The Star Ferry Company has been crossing Victoria Harbour since eighteen eighty-eight, when a single steam-powered vessel made the journey between Hong Kong Island and Kowloon. The current fleet of twelve vessels — painted in the company's signature green and white, some of the vessels dating to the nineteen fifties — makes the crossing in roughly eight minutes. For most of Hong Kong's history, the Star Ferry was the only practical way to cross the harbour; the Mass Transit Railway tunnel did not open until nineteen seventy-nine. Generations of Hongkongers crossed on these boats twice a day for their working lives.

Read more...

The fare is among the cheapest in the city and has been kept deliberately low for most of the company's history. The lower deck is slightly cheaper than the upper deck, and the seats are wooden, and they flip so that passengers always face the direction of travel. The crossing is short enough that you can stand at the front rail for the whole journey and watch the harbour approach and recede.

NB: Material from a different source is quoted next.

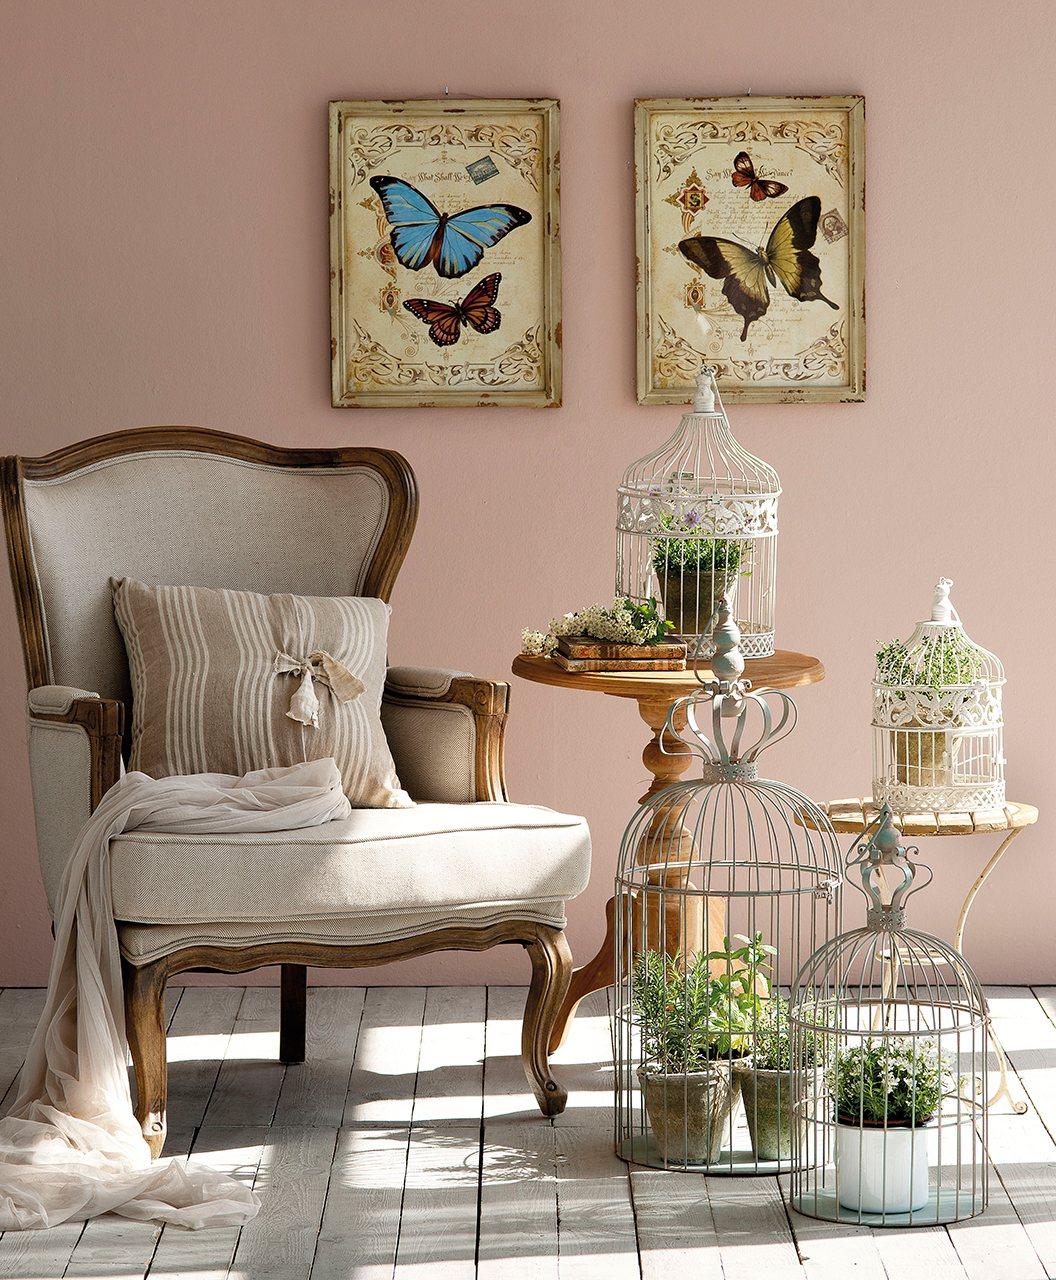 Da una segunda vida a los objetos y personaliza la decoraci n for Decoracion con jaulas

In two thousand and six, the colonial-era Edinburgh Place ferry terminal on Hong Kong Island was demolished as part of a reclamation and development project. The terminal was not architecturally distinguished, but it had been a fixture of the waterfront for decades, and its demolition sparked protests that became a turning point in how Hong Kong thought about heritage conservation. The protests did not save the terminal, but they demonstrated that Hongkongers were willing to mobilise around the idea that the city's physical history had value beyond its development potential. The heritage conversation that followed was one of the most consequential civic debates of the early two thousands in Hong Kong.

The night crossing is the reason people return to the Star Ferry again and again. As the vessel leaves the pier and turns into the harbour, the city arranges itself on both sides: the Hong Kong Island skyline behind you, the Kowloon skyline ahead. The towers are lit from within and reflected in the black water below. The scale of what has been built here in roughly a hundred and fifty years, on a steep hillside island and a narrow peninsula of mainland, under extraordinary geopolitical pressure and with very little flat land, is most apparent from the middle of the water. This is the view that explains Hong Kong better than any building or neighbourhood walk can: a city that built upward because it had no other direction left.